== Segment start ==

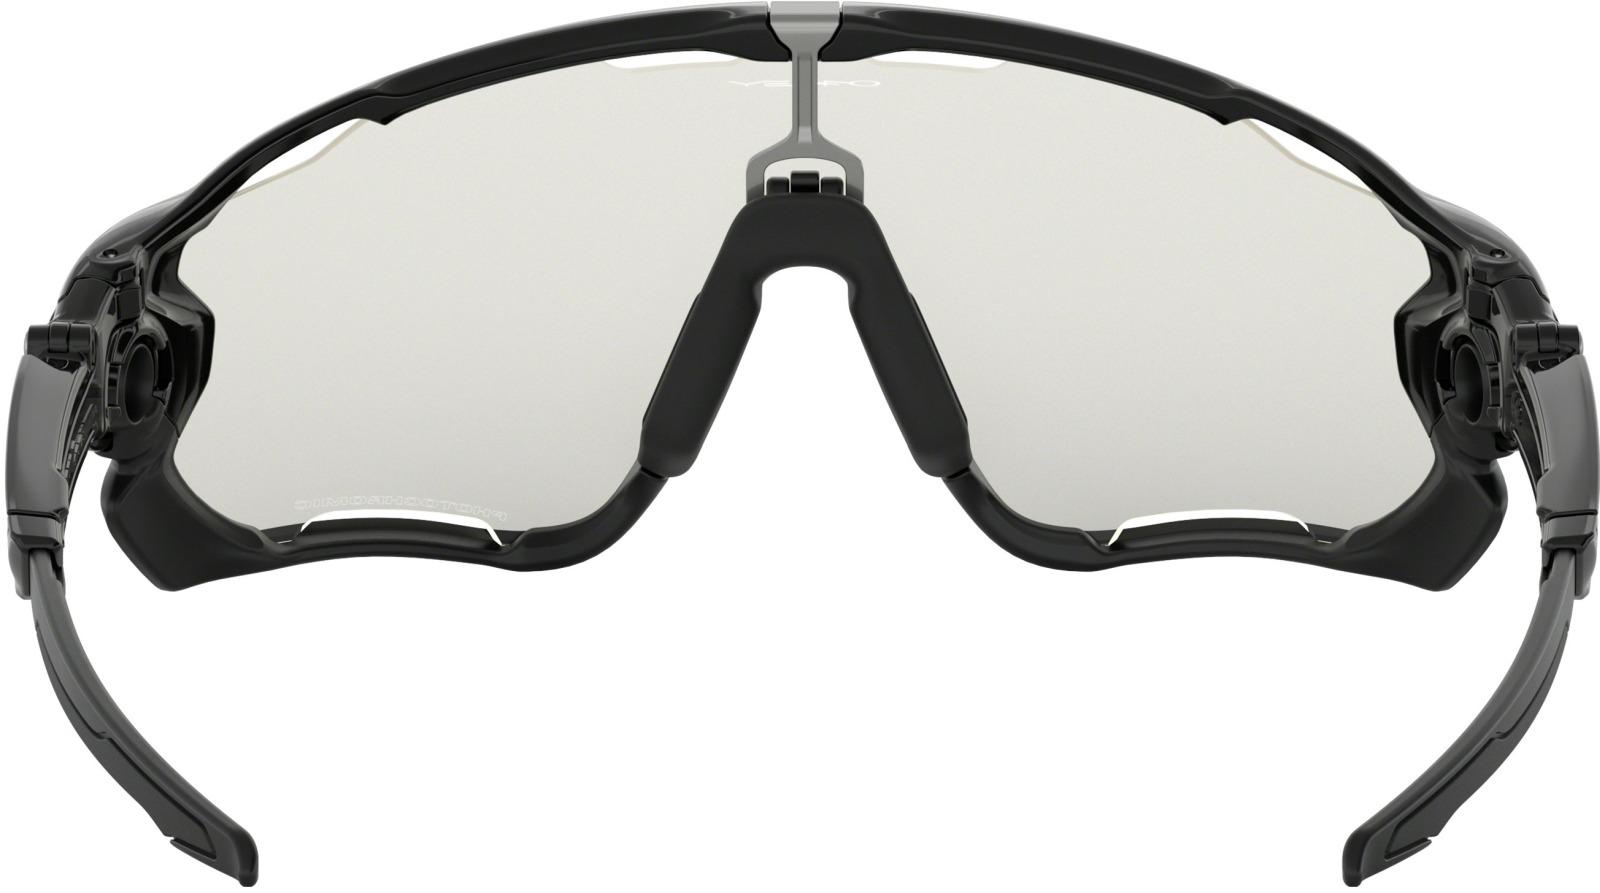 2279cb2e813 Oakley Jawbreaker Clear Black Photochromic Lenses - Eyewear - Cycle ...
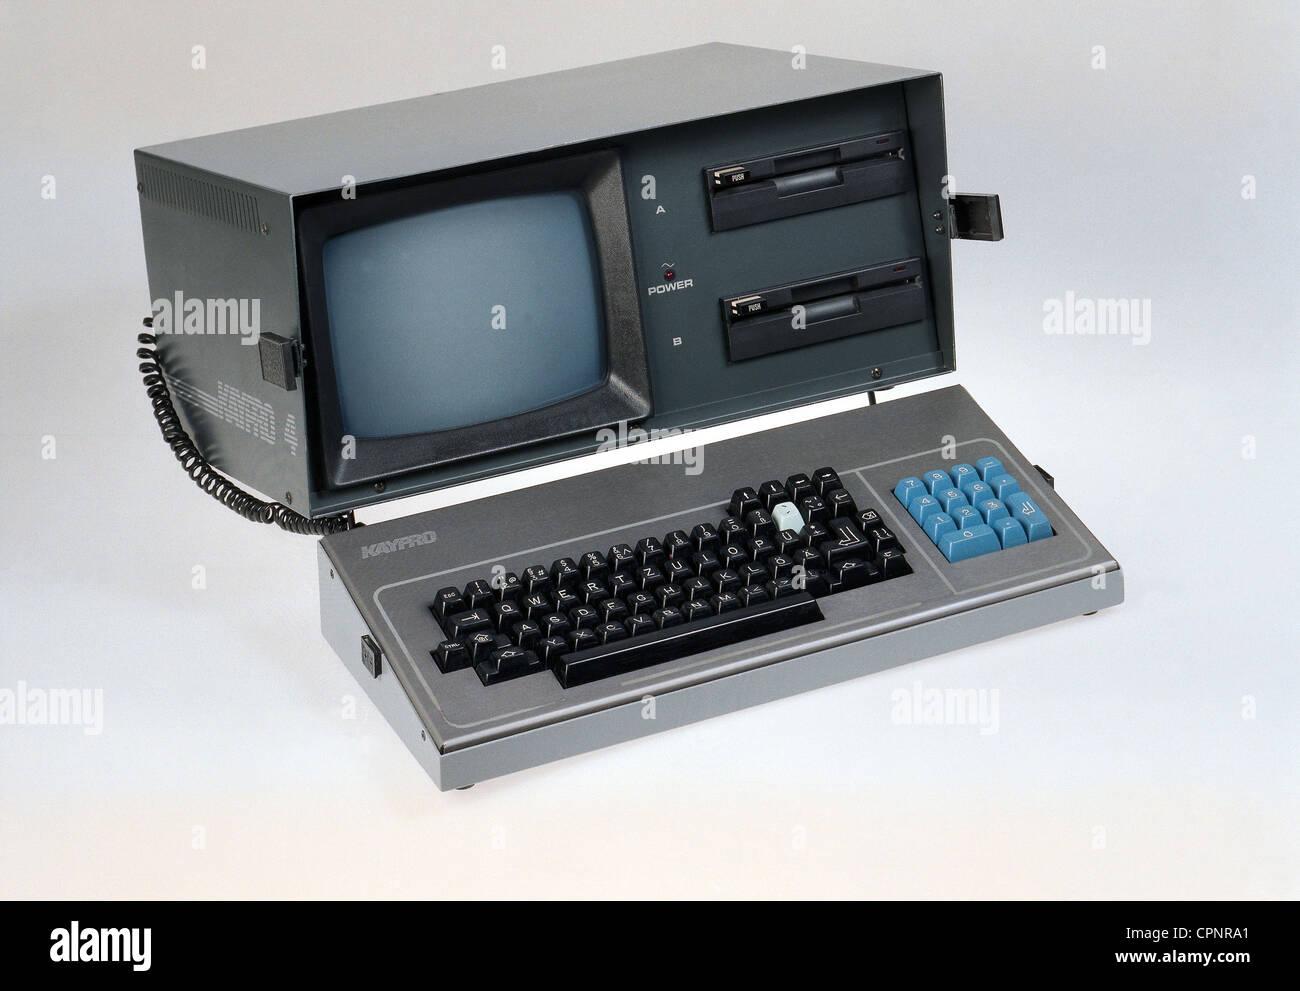 computing / electronics, computer, portable personal
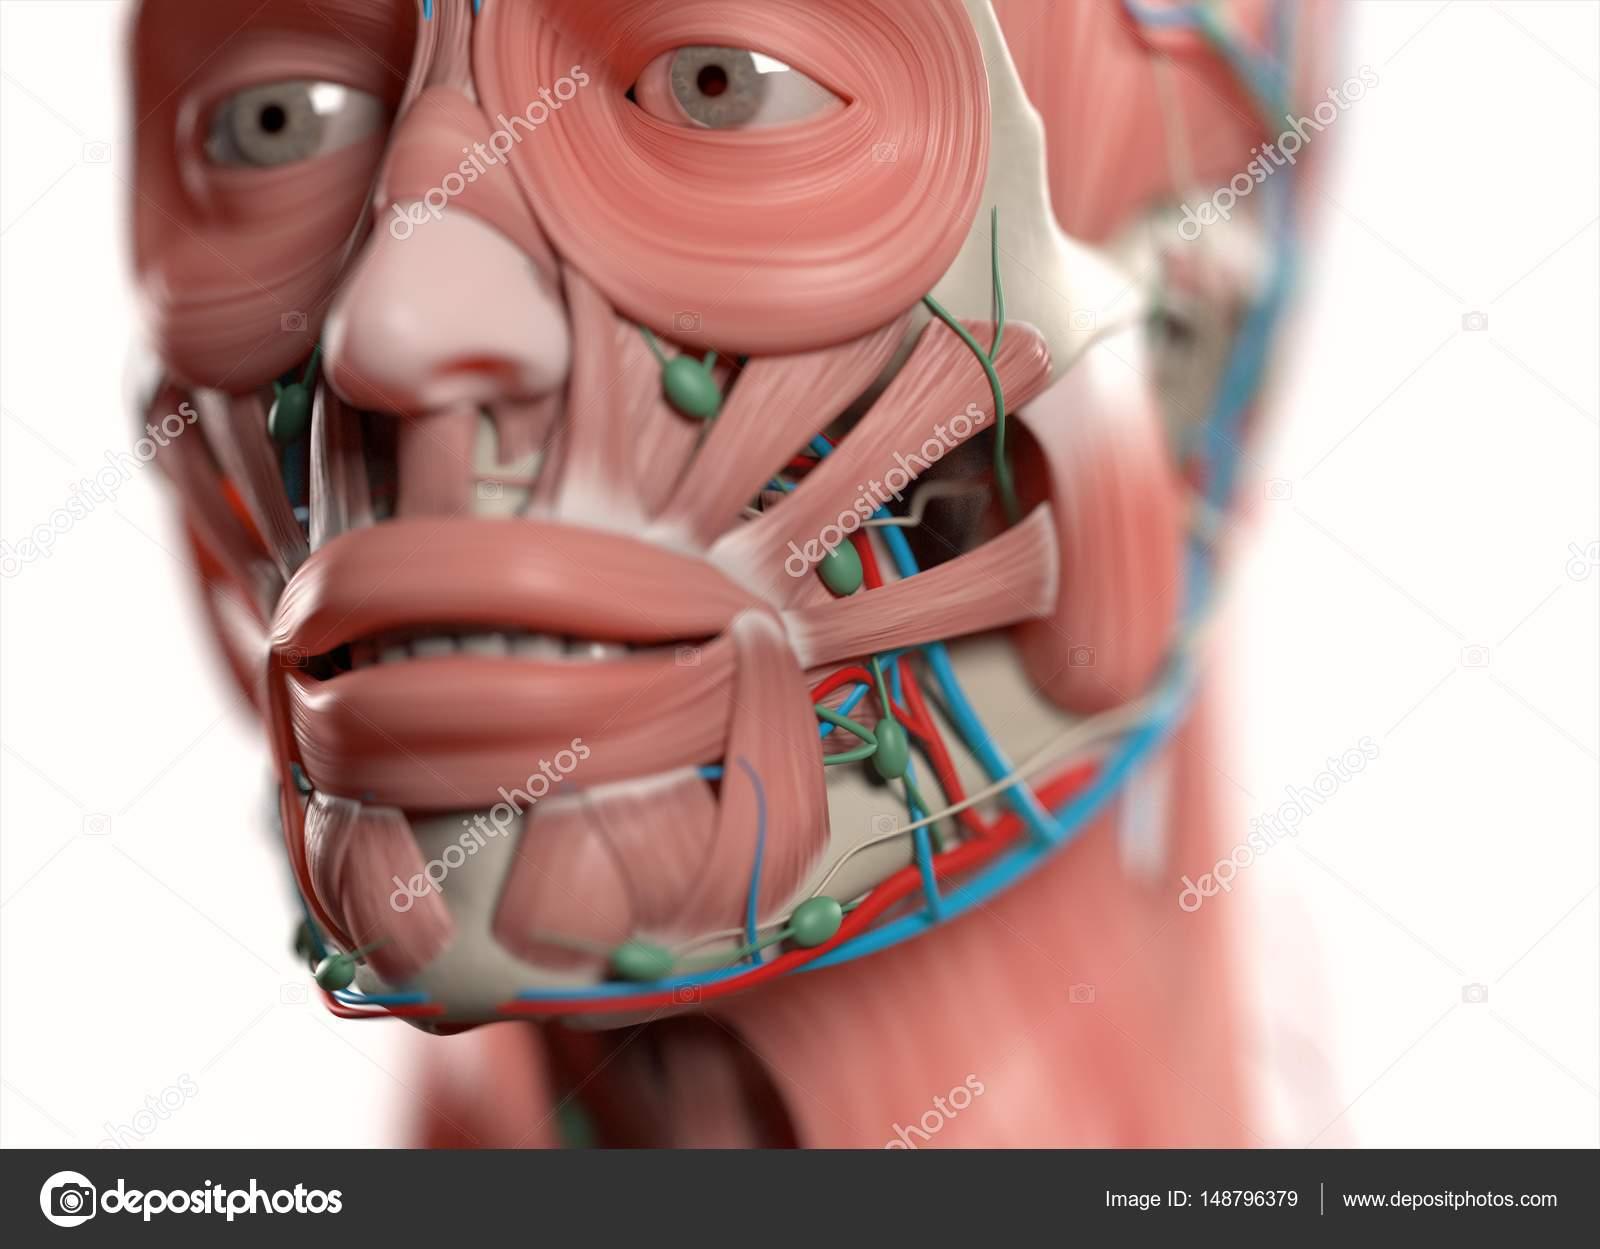 Human Face Anatomy Model Stock Photo Anatomyinsider 148796379

== Segment end ==

● **WHAT THE TASK REQUIRES**
What is needed is the full material, retyped unchanged, with no pictures in it.

● **REPLY TO THE EXERCISE**
 2279cb2e813 Oakley Jawbreaker Clear Black Photochromic Lenses - Eyewear - Cycle ...
 computing / electronics, computer, portable personal
 Human Face Anatomy Model Stock Photo Anatomyinsider 148796379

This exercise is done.